Administrative costs increased over the period by £176,000, mainly due to a single large industrial injury claim, repairs and maintenance to plant and machinery and increases in professional and utility costs in Tanzania. This means that for this period, excluding the income generated from the property sale, the group made a trading loss of £88,000 (2010: profit £10,462). The overall result has also been affected by exchange losses as well as the fall in the value of the Group's investments, in particular those in the financial sector.
The sale of property in Malta has dramatically affected the Income Statement and Balance Sheet, with the period showing an operating profit of £ 9,025,104 (2010: Loss £613,776) which is reflected in cash or cash equivalents in the Balance Sheet of £ 11,651,153 (2010: £ 1,718,483).

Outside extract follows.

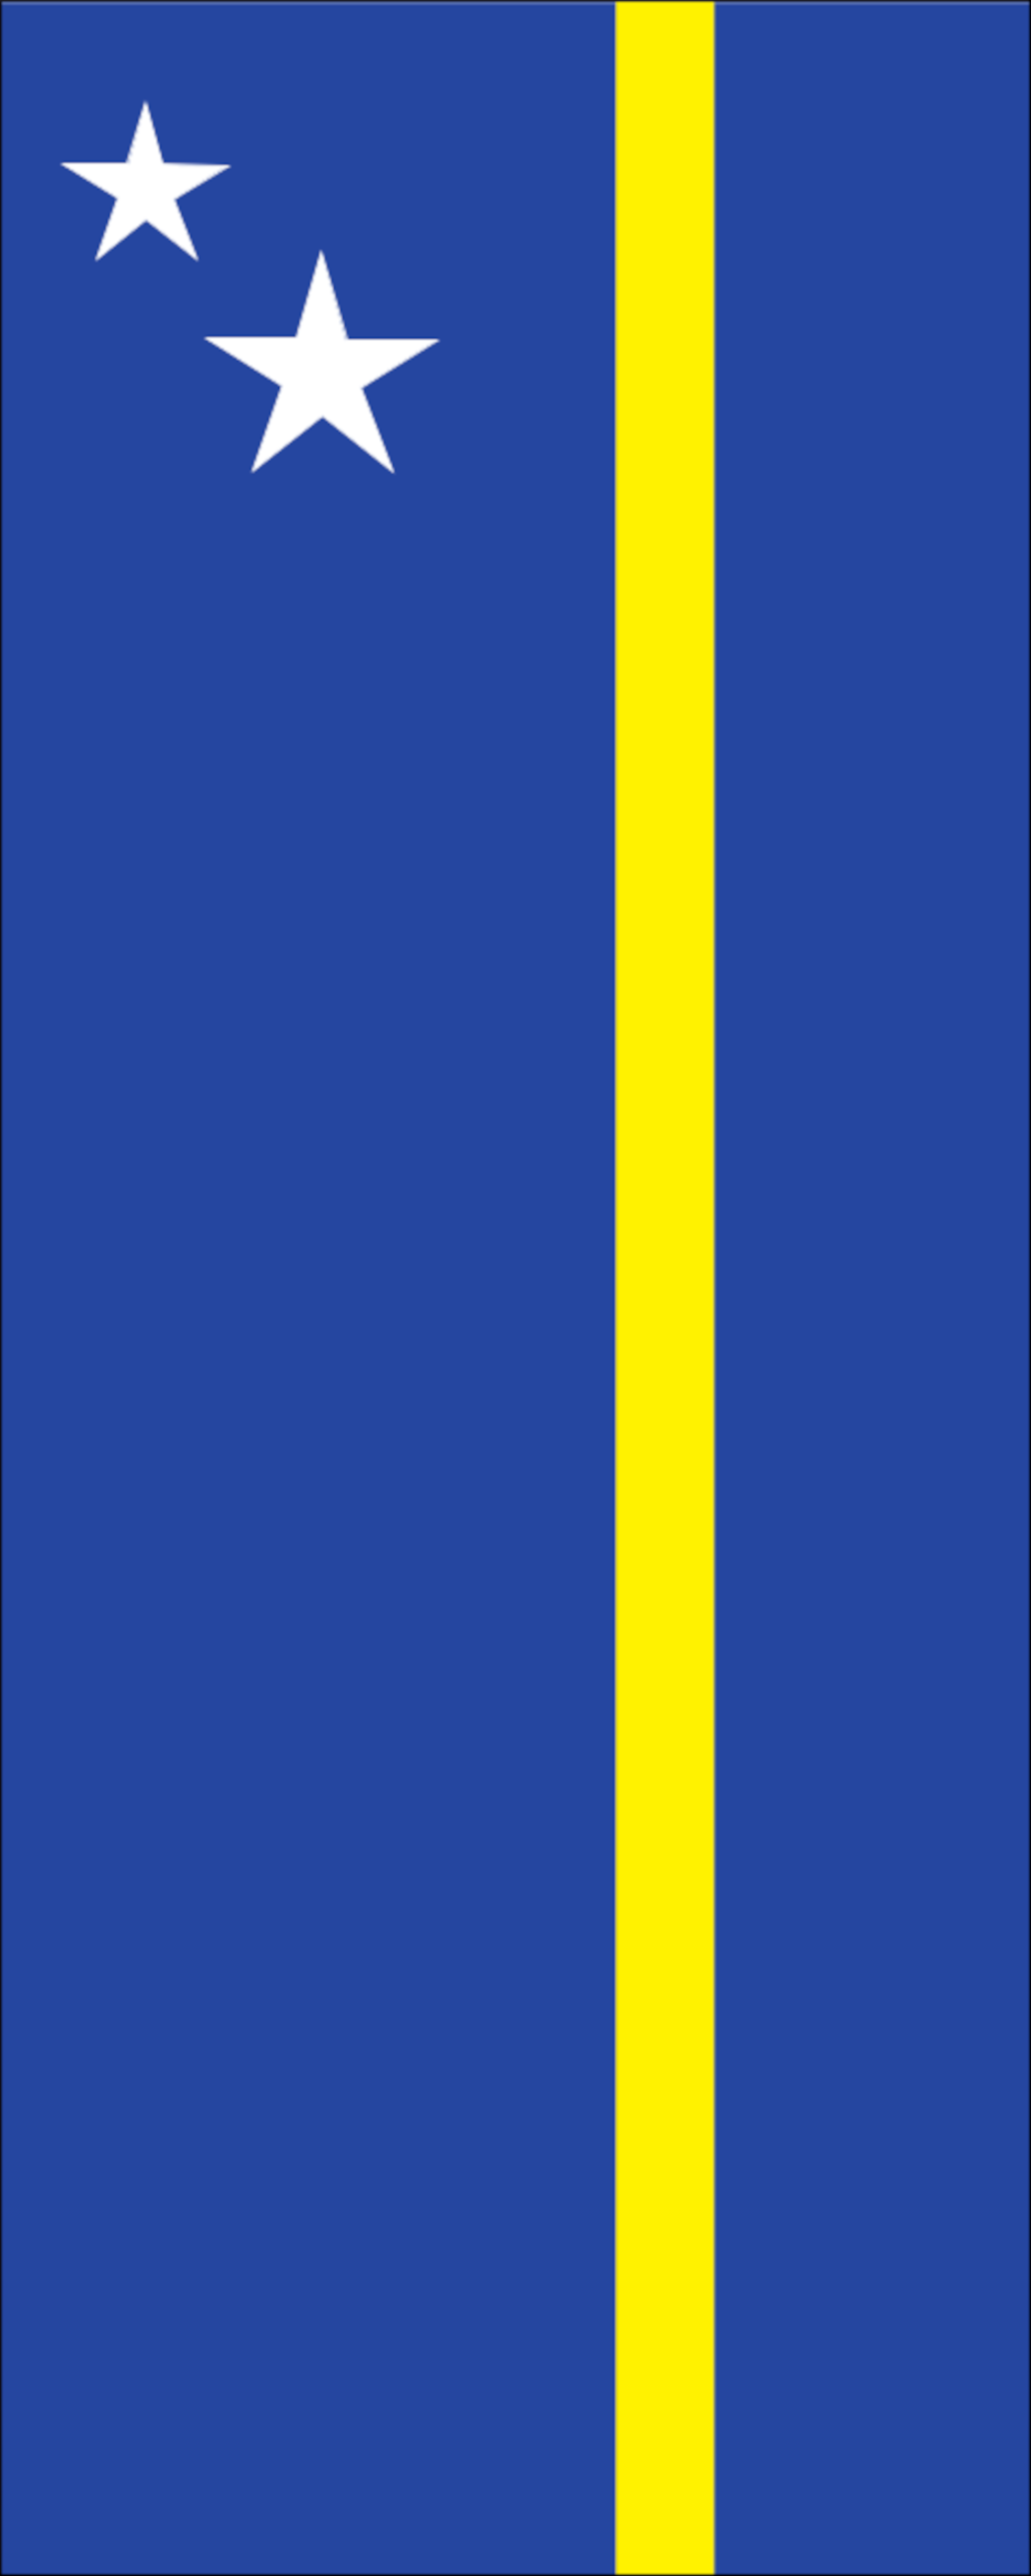 Flagge Curacao

As announced in September 2011 at the time of the Malta property sale, it was decided that the group would use some of the sale proceeds to reduce a large part of the Group debt. This has now been completed and further investments have also been made. In these difficult times we will continue to seek to reduce our costs and debts, whilst maintaining a liquid investment portfolio.
At the same time, the Board decided that the payment of an interim dividend was not advisable and that it was prudent to wait and review the year end results for the Group and, in particular, monitor the trading results. We are still not trading profitably and seeking to remedy this must be the main corporate focus of the next 12 months. Our current liquidity will allow us a level of security to review structurally and strategically the Company's future.
UK Operations
During the period it was decided to cease the day to day ticketing operations of Bay Travel Ltd due to lower volumes and reduced margins making it increasingly difficult to remain in positive territory. Bailey Industrial Engineering (BIE) has managed to increase its market share and has seen a steady increase in revenues for the period but overall margins have been reduced. Regardless, BIE management's initiatives and the work forces' commitment have resulted in this division posting a break even result for the period, for which they should be congratulated especially as they operate in a very competitive industry.
Malta
The bringing forward and subsequent part sale of the property in September 2011 came as a welcome surprise. Approaches had been previously made but it was not until mid-August 2011 when the purchaser confirmed their interest and intention by providing proof of funds, so that a process could be initiated and the part sale agreed and finalised.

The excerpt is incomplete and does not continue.